Income tax implication

According to income tax laws, the value of all the gifts received by a person during a year is fully exempt, as long as the total of such gifts does not exceed Rs 50,000 in a year. If the value of all the gifts taken together exceeds Rs 50,000, then, the aggregate of the gifts received become taxable without any threshold exemption. However, income tax laws also give a favourable treatment, to gifts between two close relatives. Consequently, the gift of any asset (whether movable or immovable) made to certain specified relatives, is fully exempt from tax in the hand of the recipient, without any upper limit. The list of close relatives includes parents, spouse, siblings, siblings of the spouse, lineal ascendants and descendants of the person and his/her spouse. The list also includes spouse of the abovementioned persons.

If the house property is received as a gift from a relative, the first incidence of tax will arise, when you sell the property. The cost for the purpose of income tax, shall be the taken as the cost that was paid for the property by any of the previous owners. The profits shall be treated as short-term or long-term, depending on whether the aggregate of your holding period as well as that of the previous owner who had actually paid for it, is more than 36 months or not.

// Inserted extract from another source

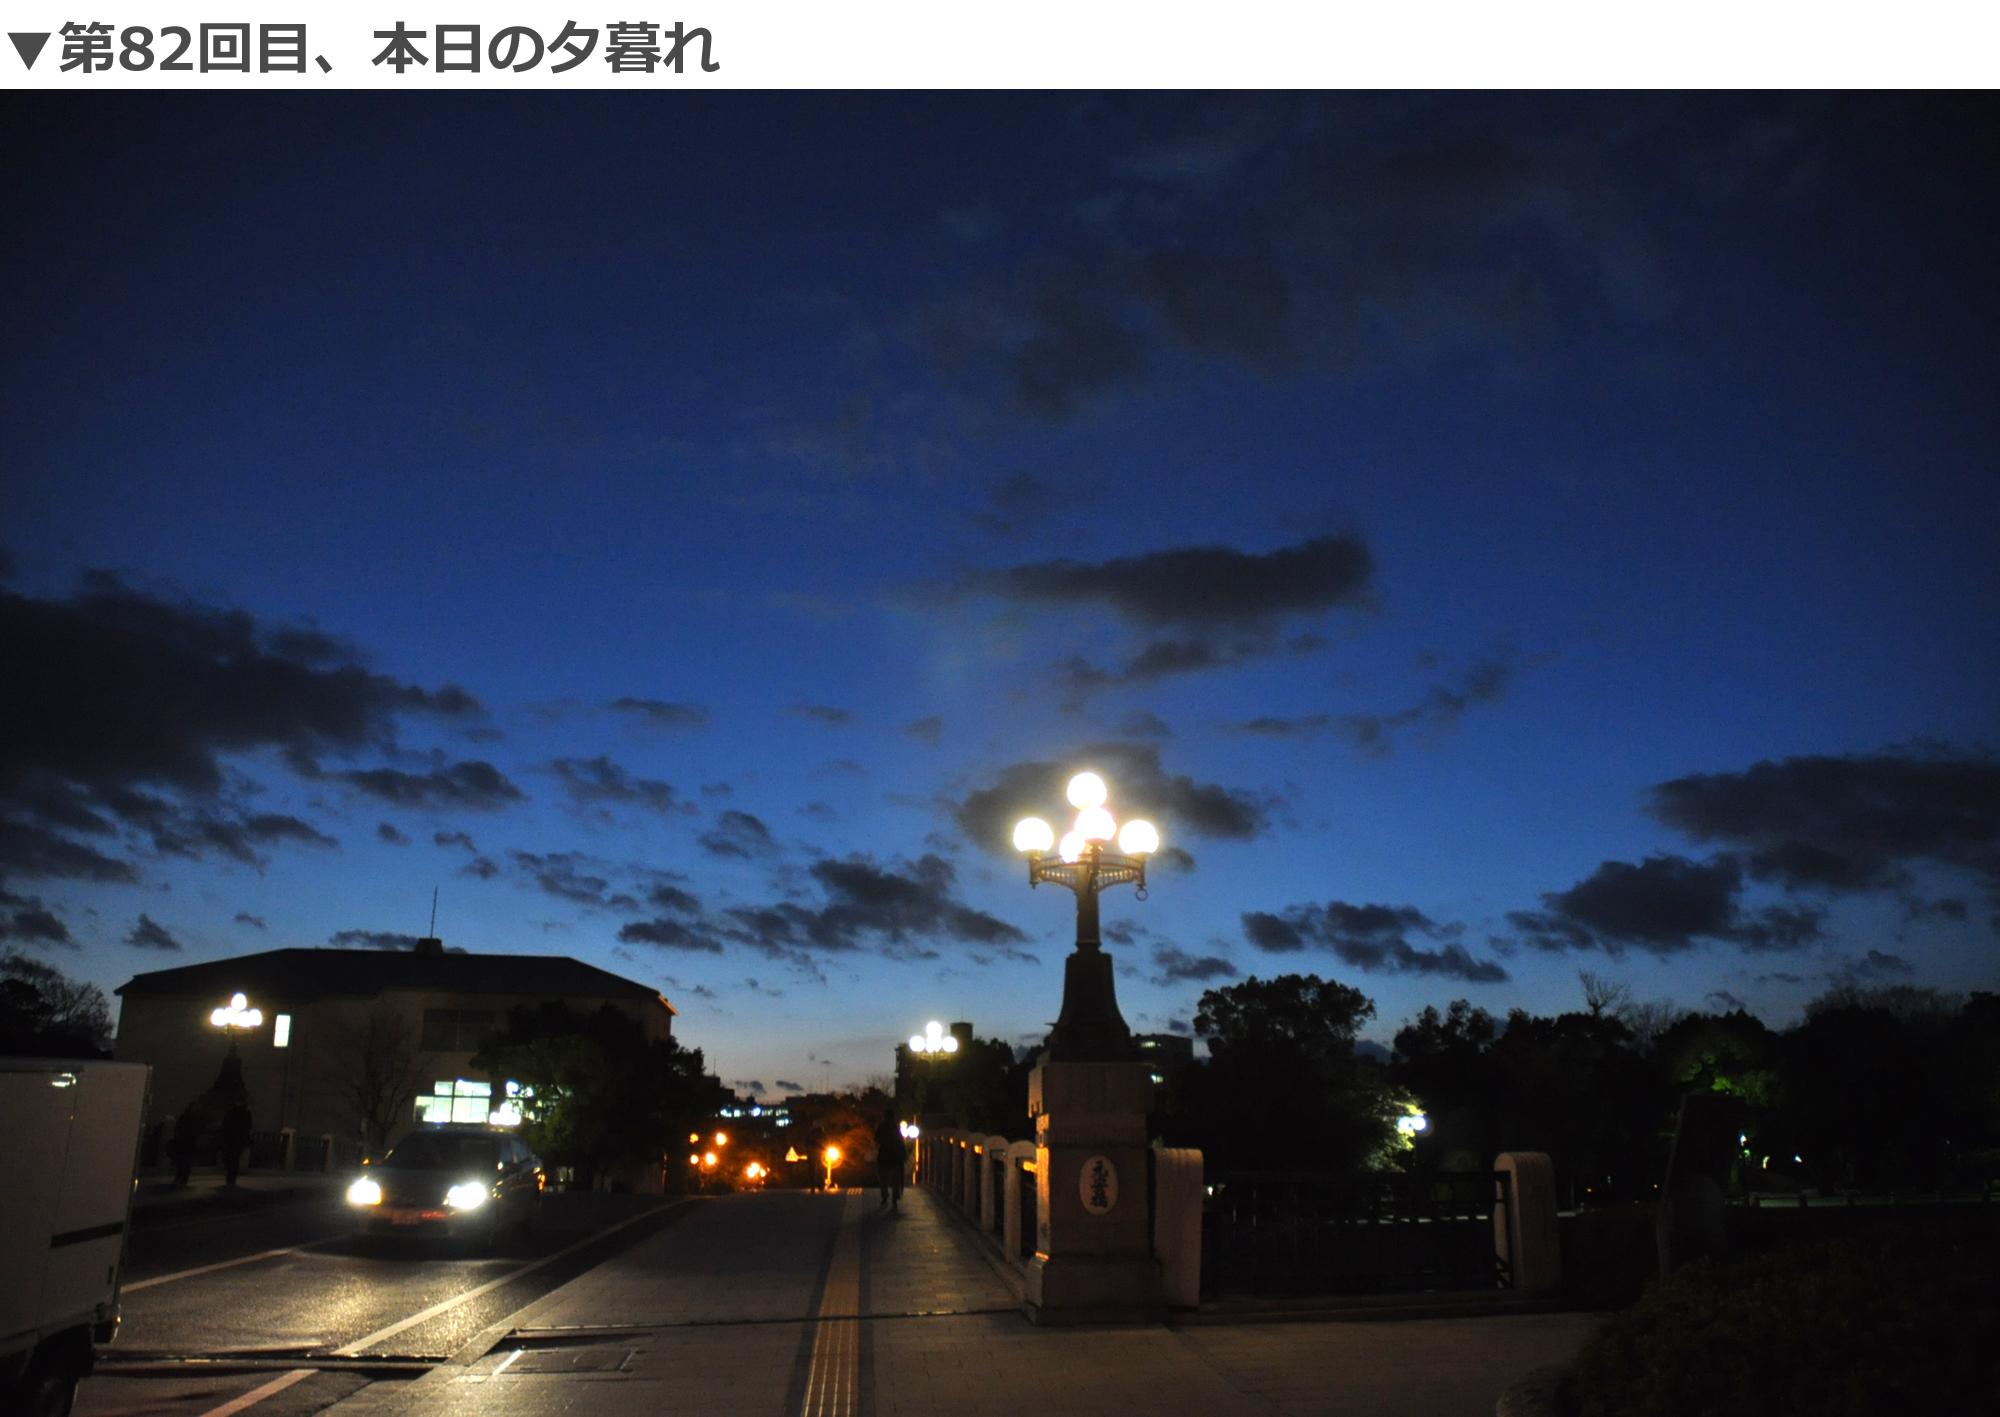 ファイル 248-5.jpg

If the holding period as computed above is less than 36 months, the profit accrued on the sale of such property, shall be treated as short-term and will be added to your regular income and taxed at the applicable slab rate. However, if the holding period is more than 36 months, you will get the benefit of indexation on the cost of the property, as well as the option to claim exemption from payment of 20% long-term capital gains tax, by investing in a residential house or in capital gains bonds of Rural Electrification Corporation (REC) or National Highway Authority of India (NHAI).